** Data in this exercise follows **
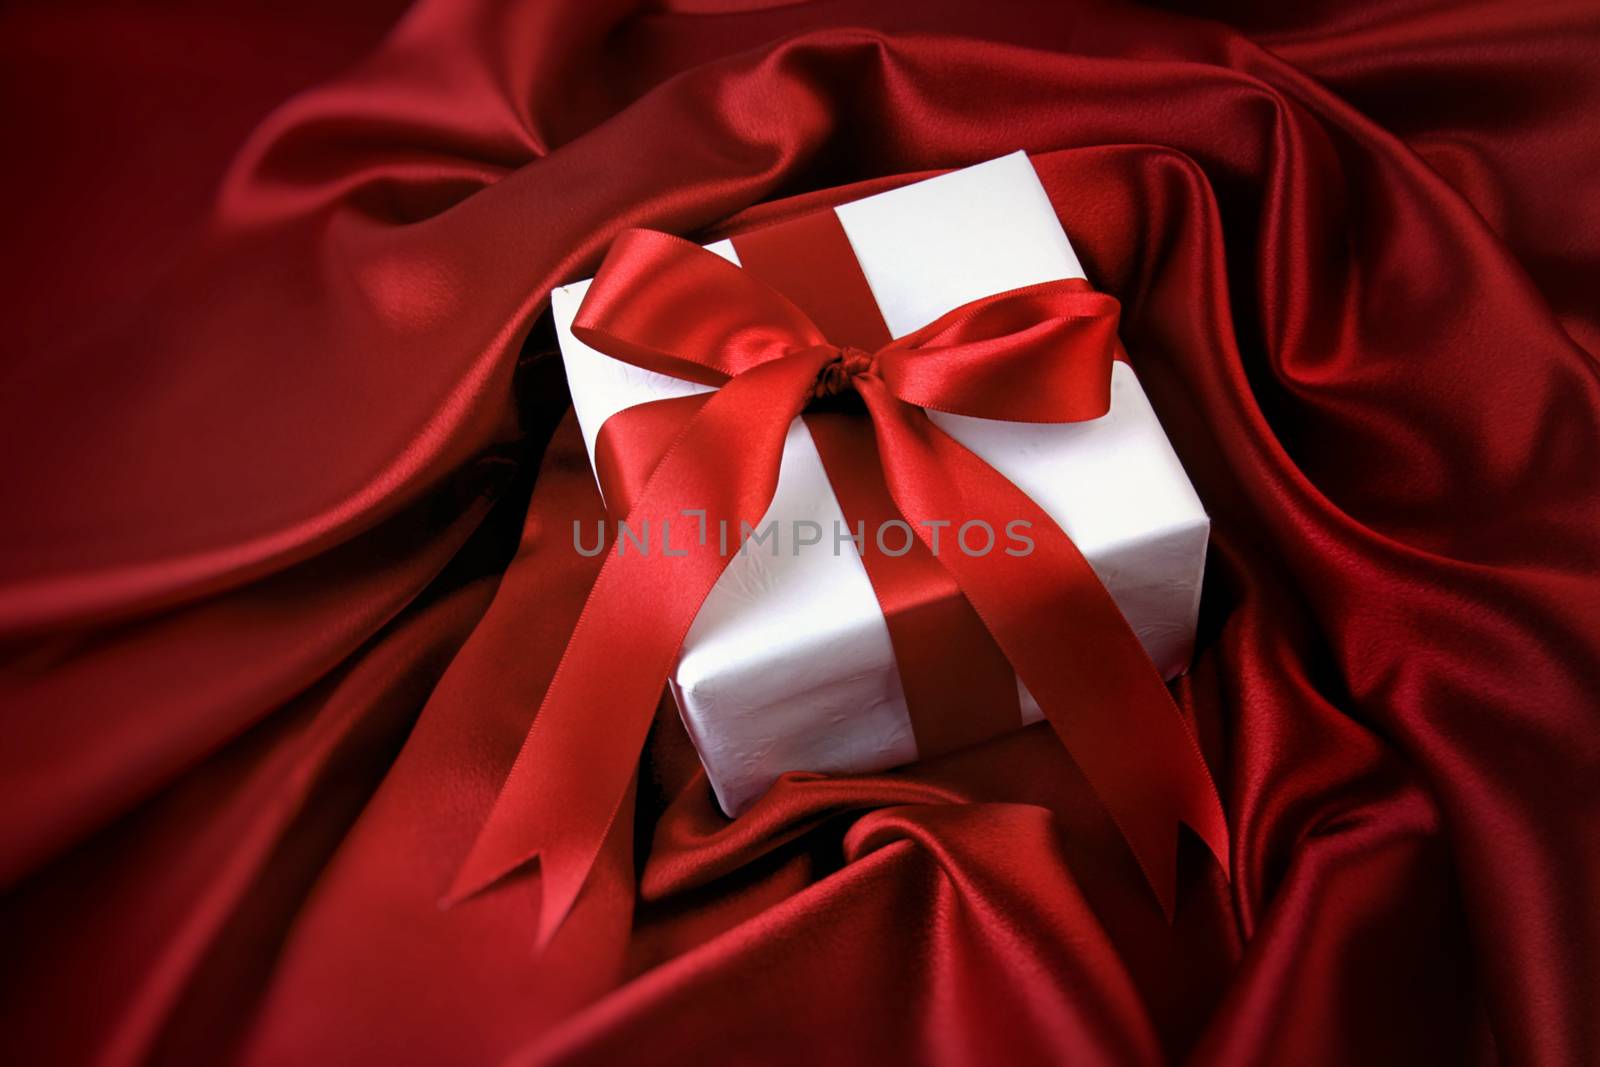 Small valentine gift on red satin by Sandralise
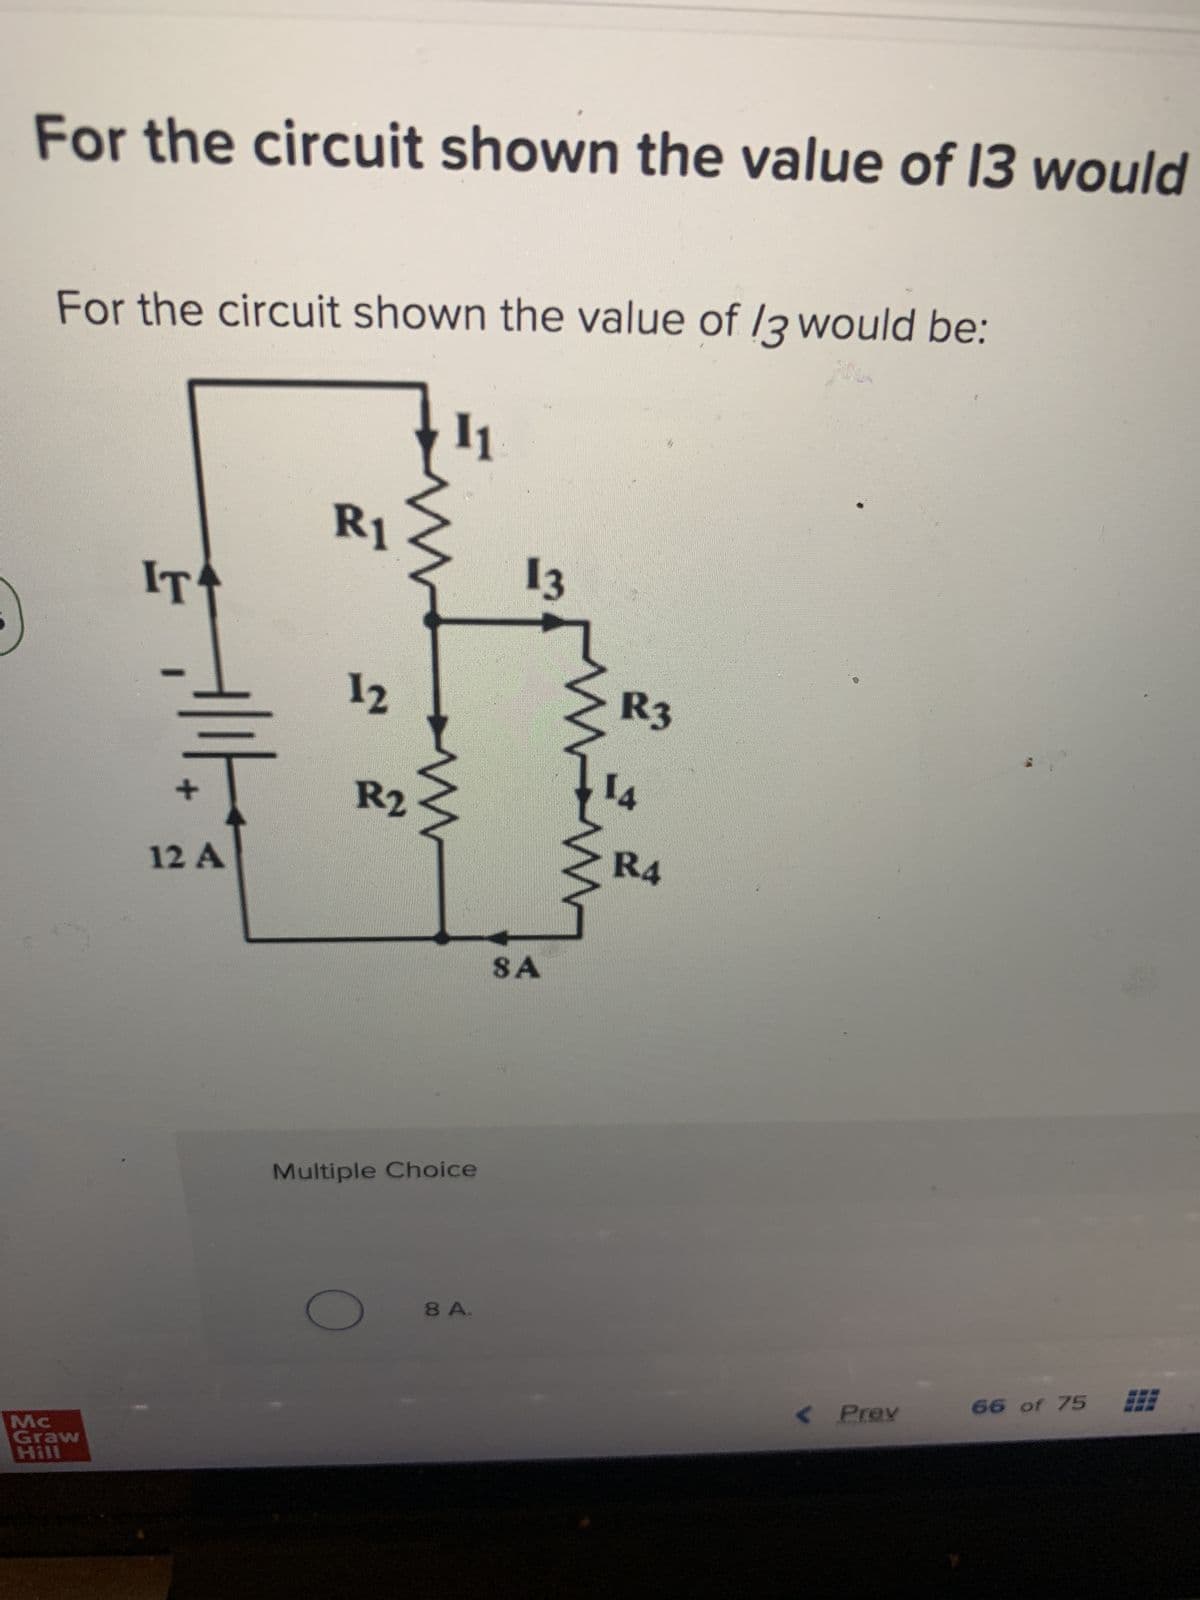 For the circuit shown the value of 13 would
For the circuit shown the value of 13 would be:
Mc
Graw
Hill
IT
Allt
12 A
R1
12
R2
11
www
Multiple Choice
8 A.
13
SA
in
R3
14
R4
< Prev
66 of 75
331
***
** End of Data in this exercise **
Aim of the task
Copy the entries above faithfully and omit every image.

Task answer
 Small valentine gift on red satin by Sandralise
 For the circuit shown the value of 13 would
For the circuit shown the value of 13 would be:
Mc
Graw
Hill
IT
Allt
12 A
R1
12
R2
11
www
Multiple Choice
8 A.
13
SA
in
R3
14
R4
< Prev
66 of 75
331
***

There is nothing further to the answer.